6. **gender**: gender of player with unique values: male , female, non-binary, prefer not to say, agender, two-spirited or other(character data type).
7. **Age of player**: age of the player(double data type).



### Potential issues with players.csv 

1.The "experience" and "gender" variables should be changed from character data type to the factor data type. 

2.The "hashedEmail" and "name" variables should be deleted because they contain personal information.  

        

In [None]:
players <- read_csv("https://raw.githubusercontent.com/tahsansamin/project_planning_stage_individual/refs/heads/main/dataset/players.csv", show_col_types = FALSE)
head(players)

#### sessions.csv
This original file consists of 1535 observations and the following 5 variables:  

1. **hashedEmail** : hashed email address of players(character data type).
2. **start_time** : date and time of when player started gaming session(character data type).
3. **end_time** : date and time of when player stopped gaming session(character data type).
4.  **original_start_time** : unix timestamp of when player started session(double data type).
5. **original_end_time** : unix timestamp of when player ended gaming session(double data type).

### Potential issues with sessions.csv 

1. The hashedEmail variable should be removed to not personally identify players.
2. start_time and end_time should each be split into two columns because they contain both date and time. The newly split columns should each be changed to either date or time format.

In [None]:
sessions <- read_csv("https://raw.githubusercontent.com/tahsansamin/project_planning_stage_individual/refs/heads/main/dataset/sessions.csv", show_col_types = FALSE)
head(sessions)

### Summary Statistics

#### Players.csv

| Variable | Minimum | Maximum | Mean |
| -------- | ------- | -------- | -----|
| Age | 9.00 | 58.00 | 21.14 |
| played_hours | 0.00 | 223.10 | 5.85 |

#### sessions.csv

| Variable | Minimum | Maximum | Mean |
| -------- | ------- | -------- | -----|
| original_start_time | 1.71e+12 | 1.73e+12	 | 1.72e+12	 |
| original_end_time | 1.71e+12 | 1.73e+12 | 1.72e+12 |


In [None]:
summary_stats_players <- players |> 
                summarise(min_Age = min(Age, na.rm = TRUE),max_Age = max(Age, na.rm = TRUE),mean_age = mean(Age, na.rm = TRUE), min_played_hours = min(played_hours),max_played_hours = max(played_hours), 
                         , mean_played_hours = mean(played_hours, na.rm = TRUE))
summary_stats_players
summary_stats_sessions <- sessions |> 
                summarise(min_original_start_time = min(original_start_time, na.rm = TRUE), max_original_start_time = max(original_start_time, na.rm = TRUE), mean_original_start_time = mean(original_start_time, na.rm = TRUE),
                         min_original_end_time = min(original_end_time, na.rm = TRUE), max_original_end_time = max(original_end_time, na.rm = TRUE), mean_original_end_time = mean(original_end_time, na.rm = TRUE))

summary_stats_sessions

There are two NA values in players.csv and 4 NA values in sessions.csv.

In [None]:
na_players <- sum(is.na(players))
na_sessions <- sum(is.na(sessions))
na_players
na_sessions

# Questions
**Broad question:**
        *What player characteristics and behaviours are most predictive of subscribing to a game-related newsletter, and how do these features differ            between various player types?* More **specifically** *can player age and number of hours played be used to predict their gaming newsletter subscription status?*

The players.csv file will be used because it contains more relevant variables than sessions.csv. The name and hashed email's of all the players will be removed for confidentiality. A subset of the dataset will be created with the age, number of hours and susbcription variables. The rows that have missing values will be removed because there are not many missing values so removing them is very unlikely to cause loss of valuable data. After, the hours played and age variables will be standardized so no one variable takes more weight in prediction than the other.
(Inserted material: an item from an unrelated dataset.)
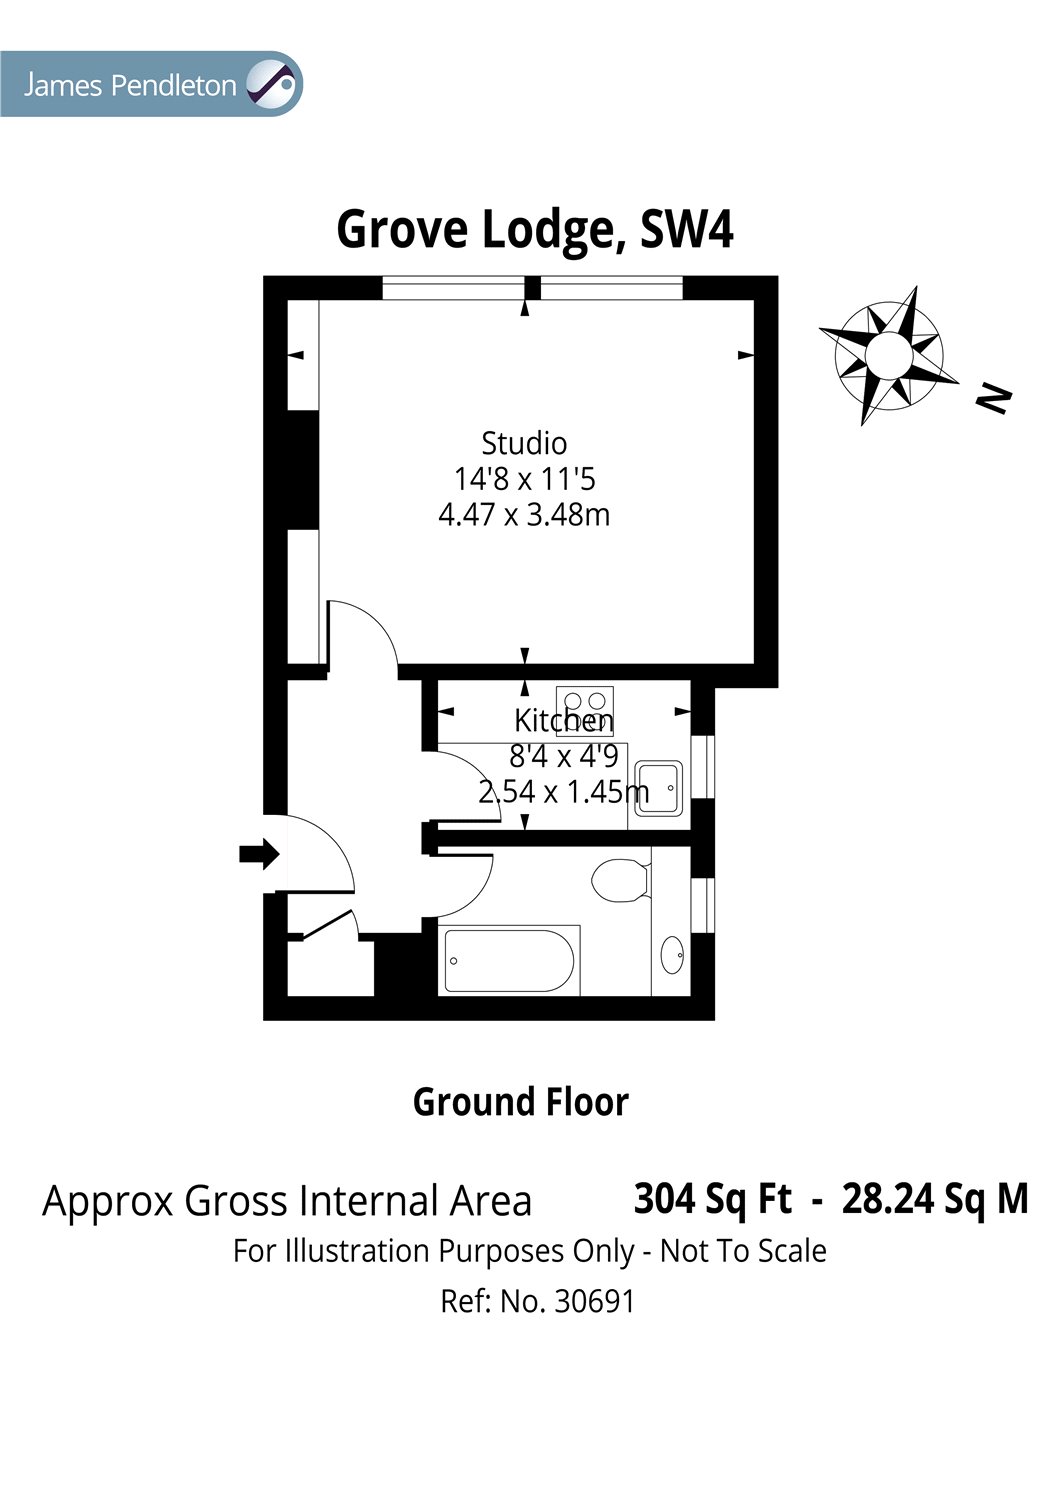 1 Bedrooms Flat to rent in Grove Lodge, Crescent Lodge, Clapham SW4

# Explaratory Data Analysis and Visualizations

In [None]:
tidy_players <- drop_na(players)
head(tidy_players)

#### Table Summarizing mean of quantitative variables
| Variable | Mean |
-----------|--------|
| played_hours | 5.85|
| Age | 21.14|  



### Visualization 1: Number of Hours played against player age

In [None]:
figure_1 <- tidy_players |>
            ggplot(aes(x = Age, y= log1p(played_hours), color = subscribe)) +
            geom_point() +
            labs(x = "Age of Player", y = "Number of Hours Played", title = "Number of Hours played against Age of Player") +
            theme(text = element_text(size = 14)) 

figure_1

There seems to be a data imbalance with fewer observations for higher ages and fewer observations where the susbcription status is false.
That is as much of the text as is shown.